**How to complete this task:**
Starting at the line with "England: Zodiacal symbol" and stopping at the final line, retype the data below exactly; do not carry over any pictures.

**Dataset content:**
◇ ◇ ◇ ◇ ◇ ◇ ◇

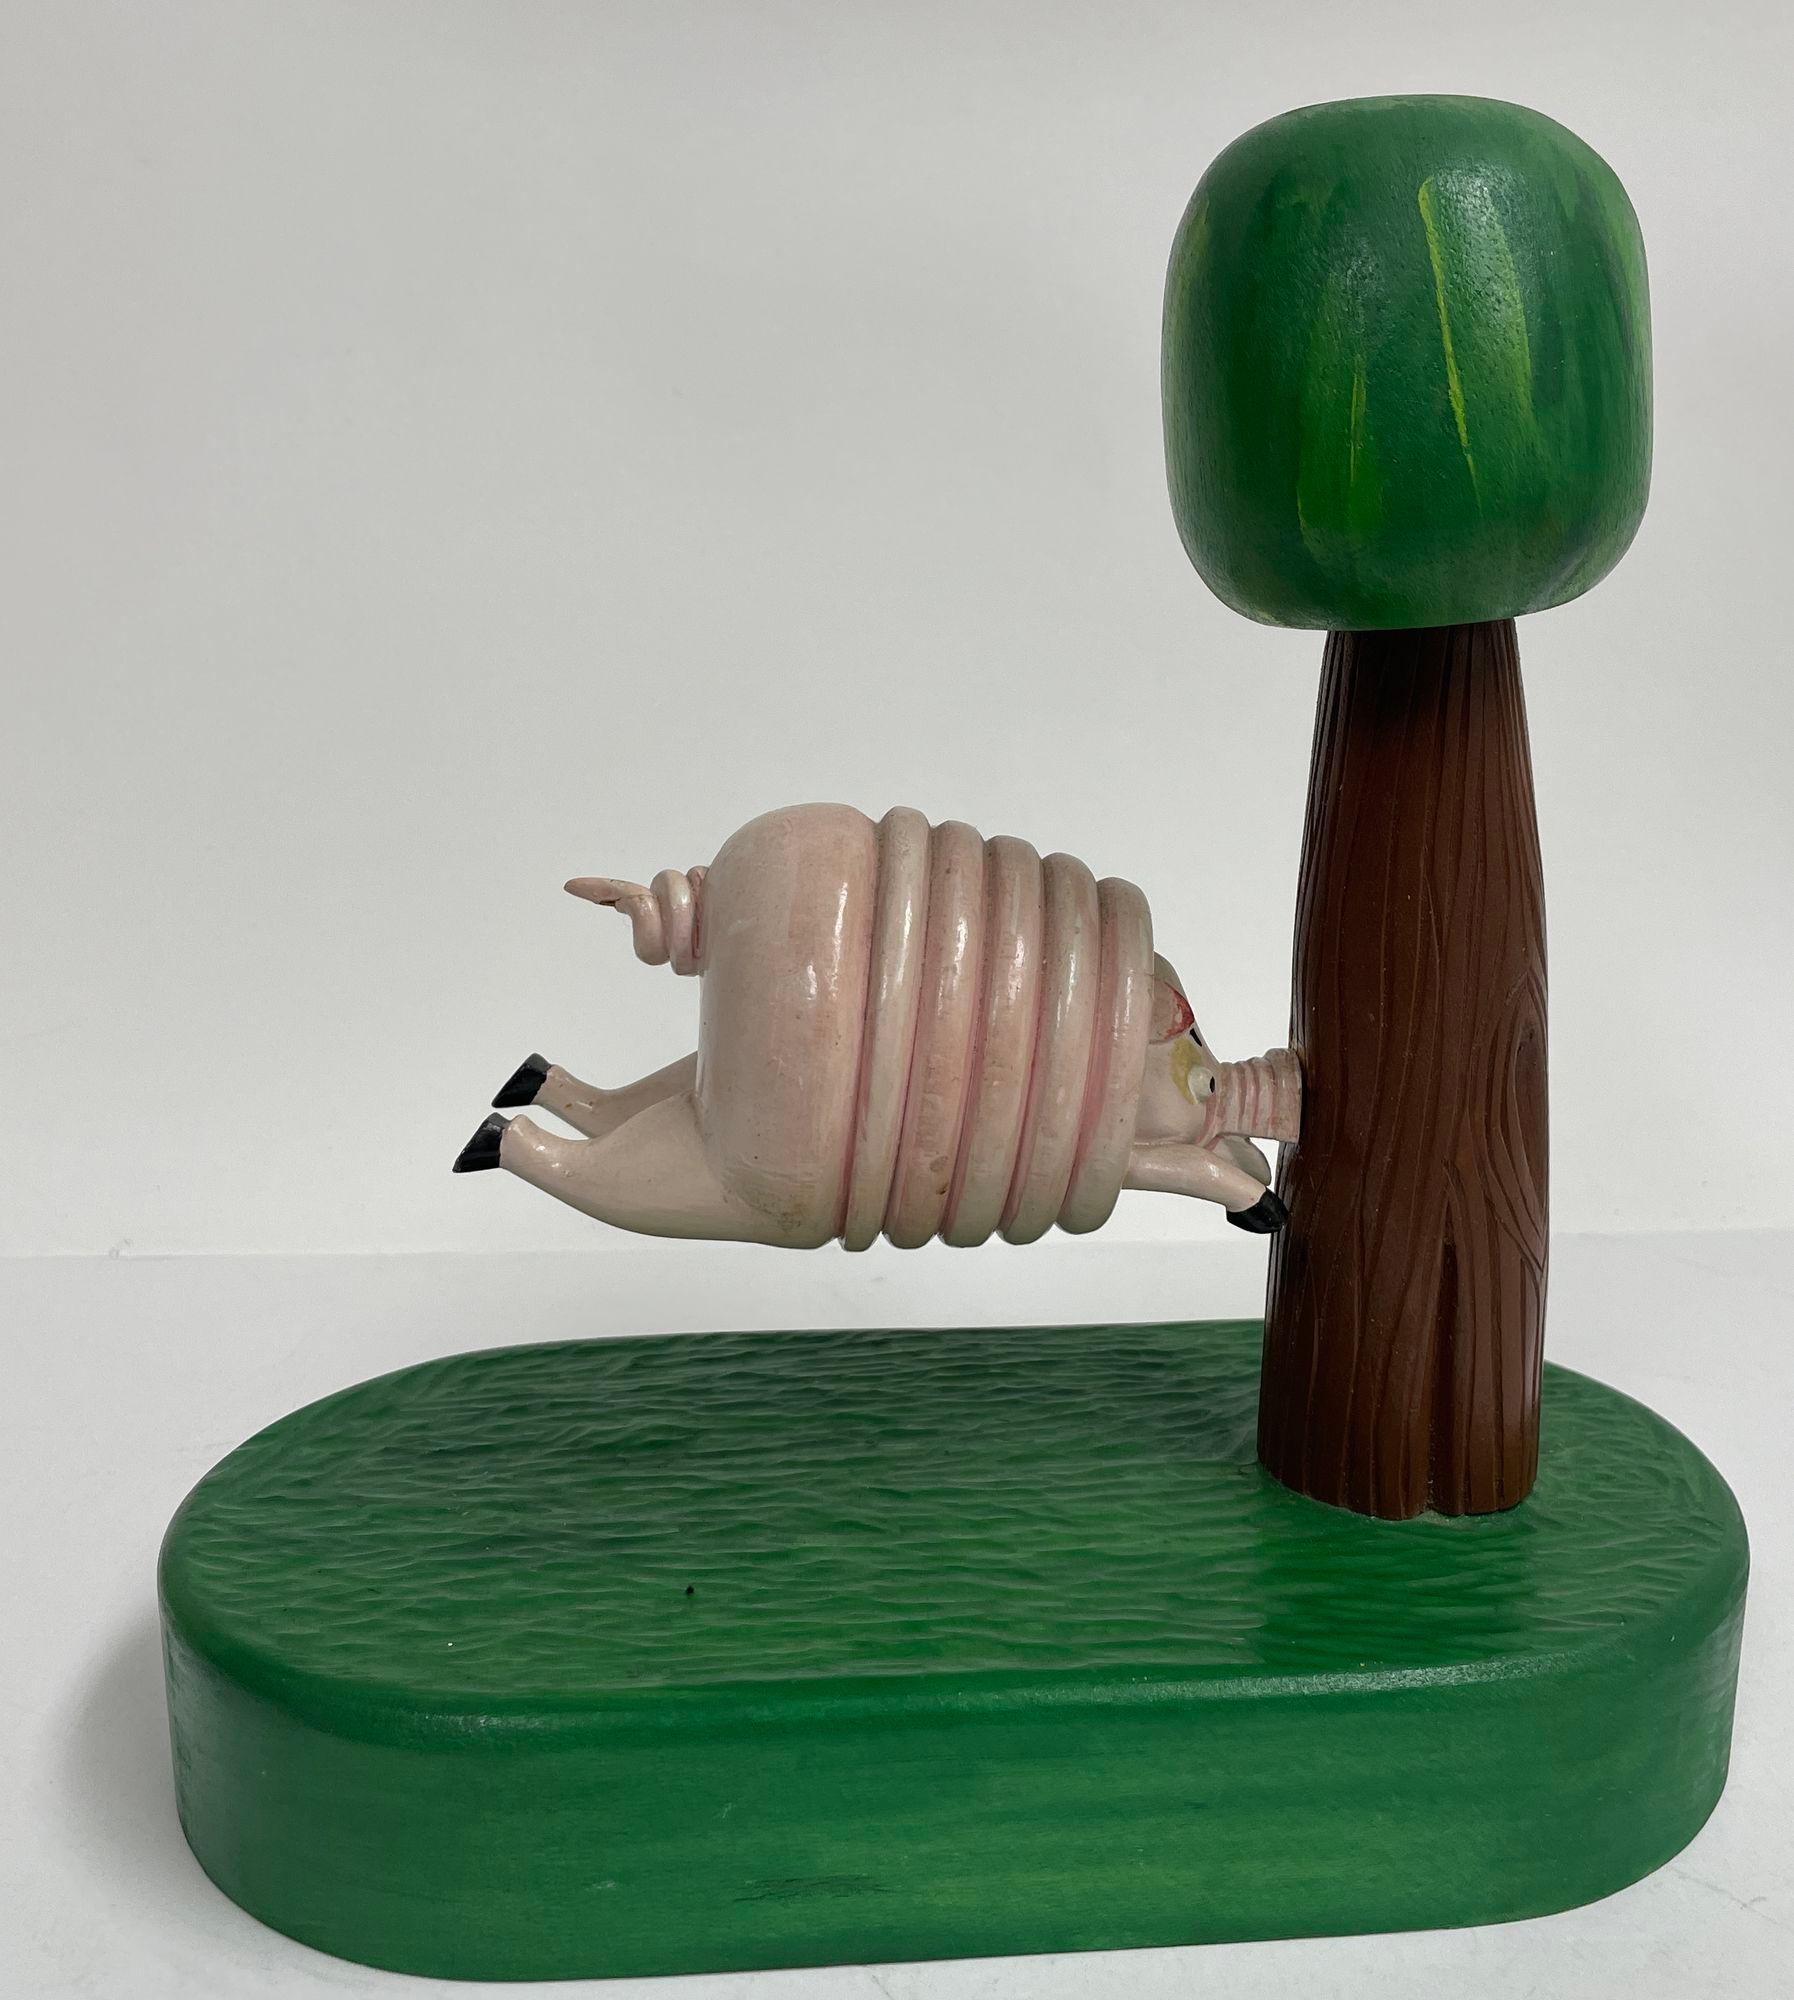 20th Century Vintage Folk Art Wood Sculpture of a Pig Running into a Tree by R. Harper 1991 For Sale
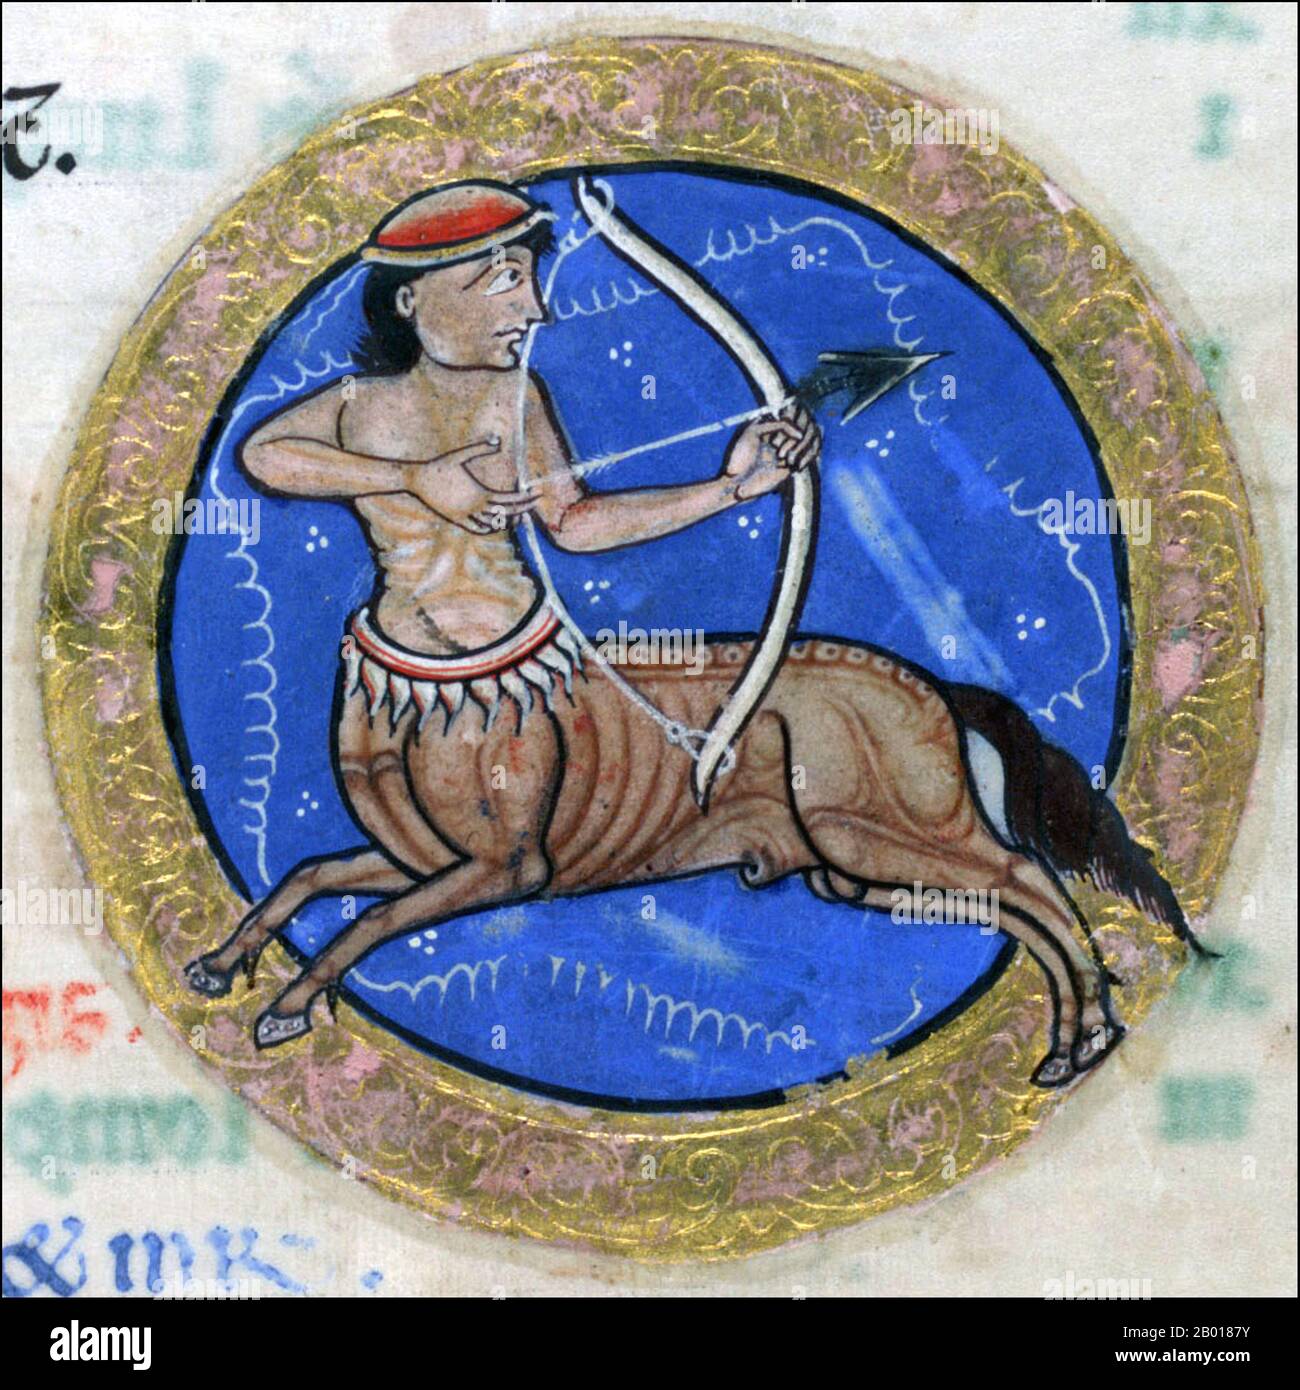 England: Zodiacal symbol for Sagittarius as represented in the Hunterian Psalter, c. 1170.  The Hunterian Psalter (or York Psalter) is an illuminated manuscript of the 12th century. It was produced in England some time around 1170, and is considered a striking example of Romanesque book art. The work is part of the collection of the Glasgow University Library, which acquired the book in 1807. It derives its colloquial name, the 'Hunterian Psalter', from having been part of the collection of 18th century Scottish anatomist and book collector William Hunter. Stock Photo
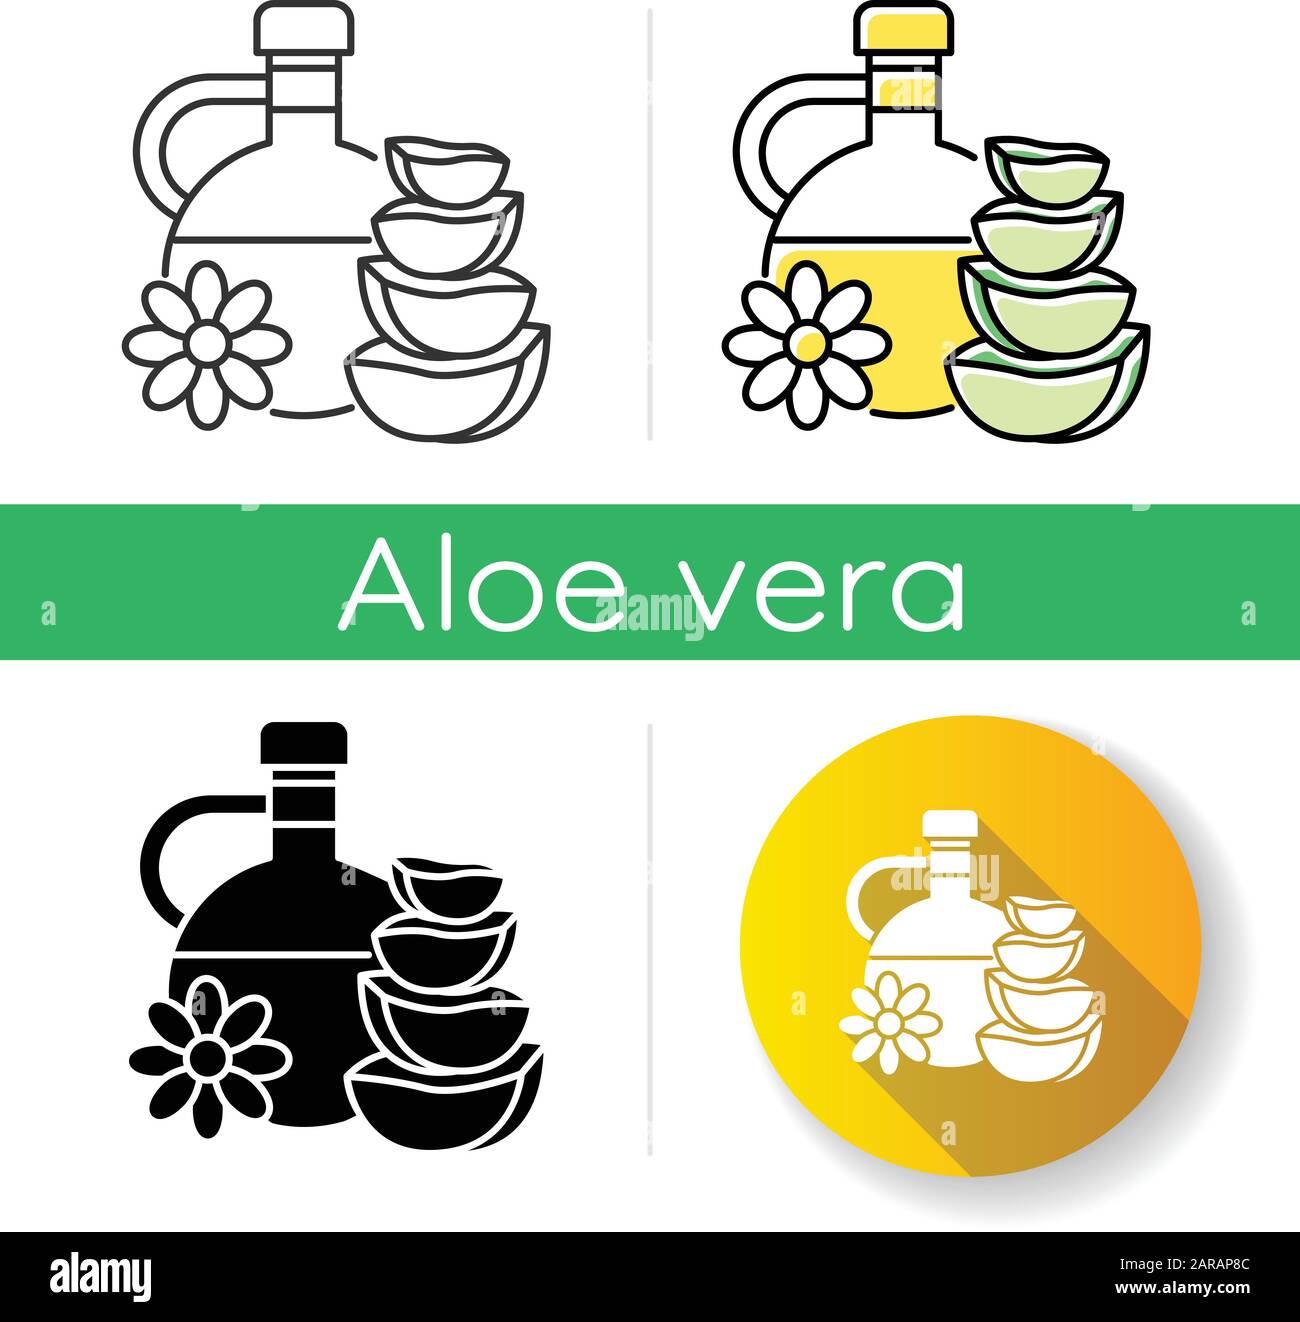 Natural oil icon. Plant based essence. Floral liquid for skincare. Aloe vera. Medicinal herbs extract. Moisturizing and exfoliating. Linear black and Stock Vector
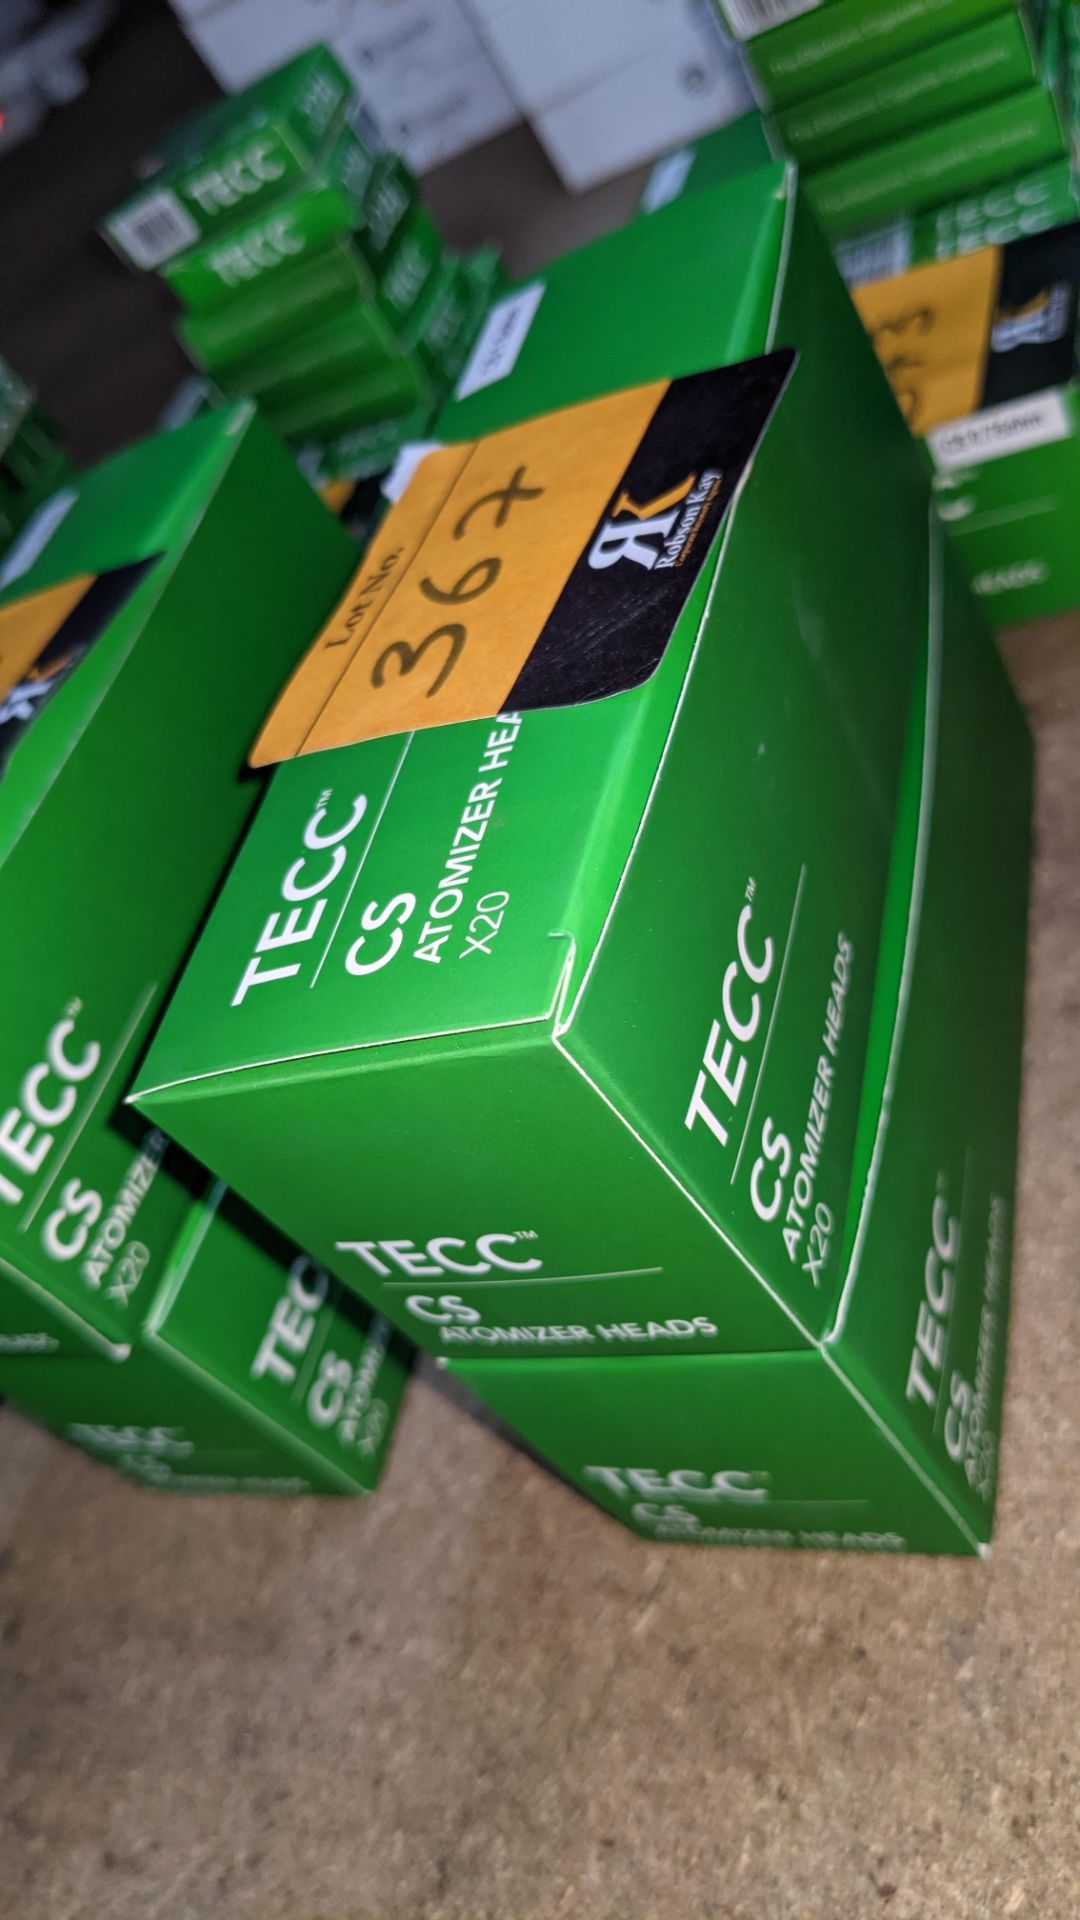 22 off TECC CS atomizer head twin packs (22 packs each containing 2 heads). 1.5ohm - Image 4 of 4

◇ ◇ ◇ ◇ ◇ ◇ ◇

**Solution to the problem:**
 England: Zodiacal symbol for Sagittarius as represented in the Hunterian Psalter, c. 1170.  The Hunterian Psalter (or York Psalter) is an illuminated manuscript of the 12th century. It was produced in England some time around 1170, and is considered a striking example of Romanesque book art. The work is part of the collection of the Glasgow University Library, which acquired the book in 1807. It derives its colloquial name, the 'Hunterian Psalter', from having been part of the collection of 18th century Scottish anatomist and book collector William Hunter. Stock Photo
 Natural oil icon. Plant based essence. Floral liquid for skincare. Aloe vera. Medicinal herbs extract. Moisturizing and exfoliating. Linear black and Stock Vector
 22 off TECC CS atomizer head twin packs (22 packs each containing 2 heads). 1.5ohm - Image 4 of 4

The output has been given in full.